**ACTIVITY:** Your copy must hold all of the data below, unchanged and without images.

**INFORMATION PROVIDED:**
◆ ◆ ◆ ◆ ◆ ◆ ◆

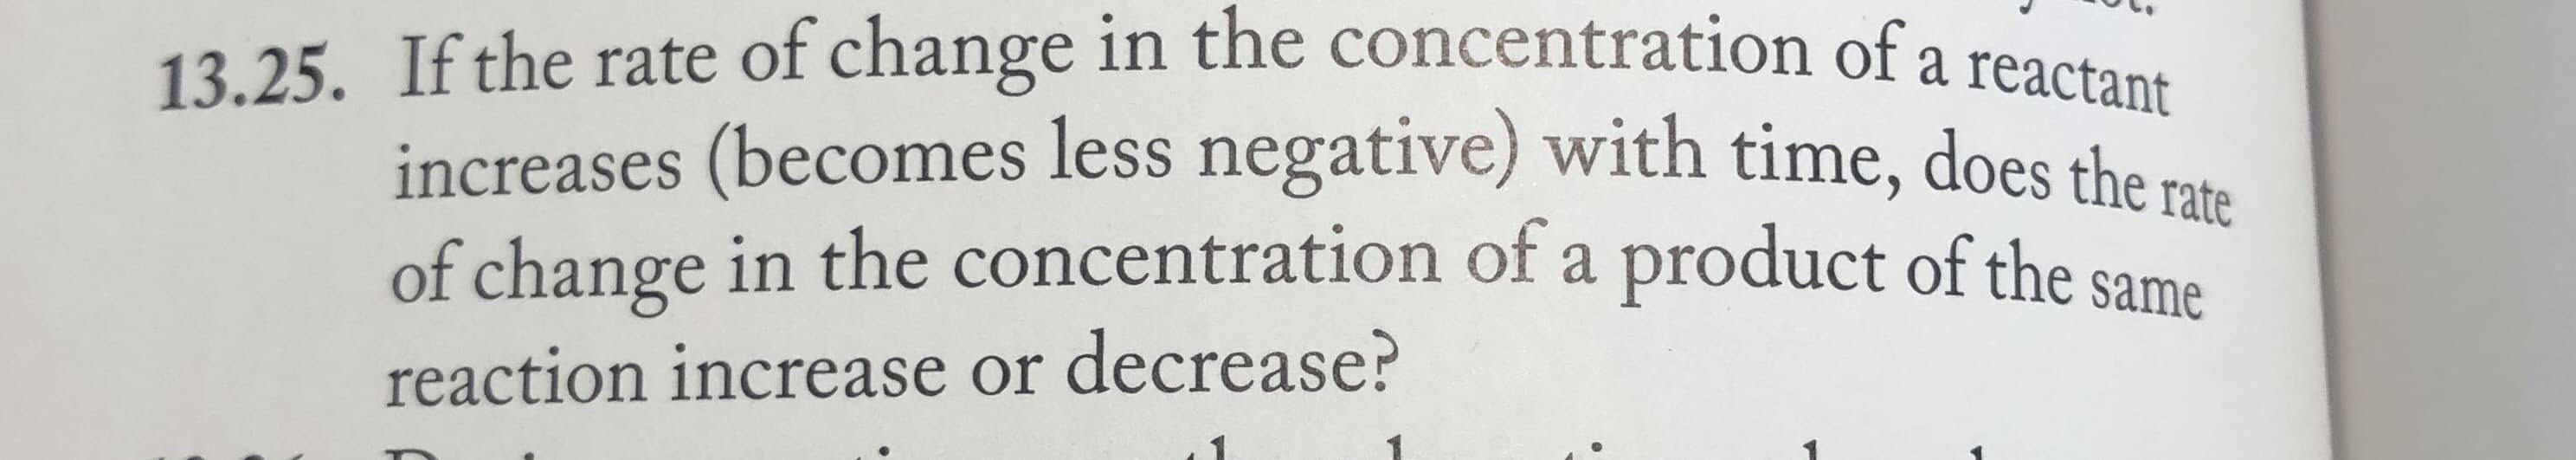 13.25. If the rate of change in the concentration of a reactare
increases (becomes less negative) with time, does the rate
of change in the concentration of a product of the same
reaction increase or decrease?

◆ ◆ ◆ ◆ ◆ ◆ ◆

**TASK RESULT:**
 13.25. If the rate of change in the concentration of a reactare
increases (becomes less negative) with time, does the rate
of change in the concentration of a product of the same
reaction increase or decrease?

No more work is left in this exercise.